Chronic Intermittent Hypoxia
The need to rapidly vary and precisely control the proportions of different gases in laboratory specimens is widespread in life science research, affecting many in vitro and in vivo applications. One such instance relates to sleep apnea, where numerous animal models exist that simulate the effects of chronic intermittent oxygen starvation on the human physiology.

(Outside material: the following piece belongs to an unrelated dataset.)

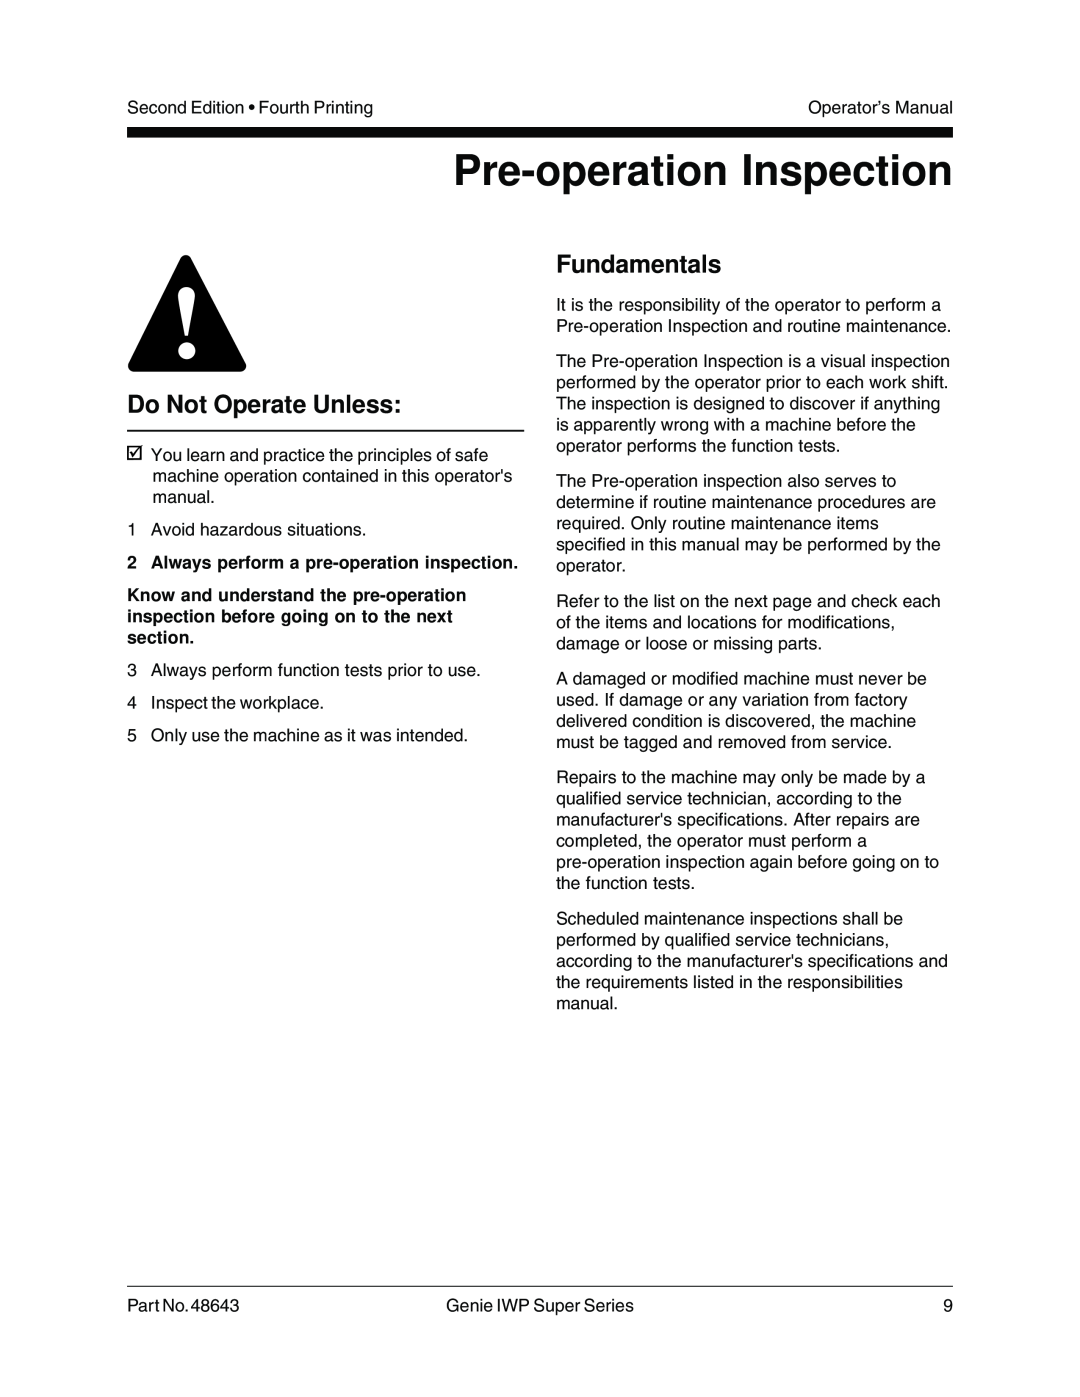 Genie 48643 manual Pre-operationInspection, Fundamentals, 2Always perform a pre-operationinspection, Do Not Operate Unless

Current state-of-the-art devices generally include purpose-built chambers that house several standard laboratory cages. These chambers are integrated with gas delivery systems that cycle the oxygen levels between selected concentrations, within a prescribed time and an imprecise vicinity of the animals. Control is performed through traditional closed- and open-loop feedback algorithms based on predefined timing schedules, or even activated directly by the animal’s brainwave signals and arousal state. The device described herein:
1) can tightly control the oxygen concentration within the rodent’s vicinity, along with its blood-oxygen level,
2) maximizes the mixing rate within commercial cages, thereby minimizing external gas requirements,
3) measures oxygen, carbon dioxide, ammonia, temperature, relative humidity, and pressure closer to the animal than any commercial product to date,
4) minimizes the system’s required laboratory footprint,
5) can be adapted easily to address the design flaws inherent in the current state-of-the-art environmental chambers,
6) contains a computer-based control and data acquisition interface for oxygen scheduling,
7) eliminates extraneous stimuli to the animal (air jets, noise, etc.), and
8) is low-cost.
Figure 1: From US Patent Application 2011/0023,789
Figure 2: Another manifestation of the lid design. Also from US Patent Application 2011/0023,789
Figure 3: Experimental results showing oxygen concentration with respect to time for a multitude of contiguous cycles of hypoxia and return to normoxia. Note transition from waking to sleeping period. Also from US Patent Application 2011/0023,789.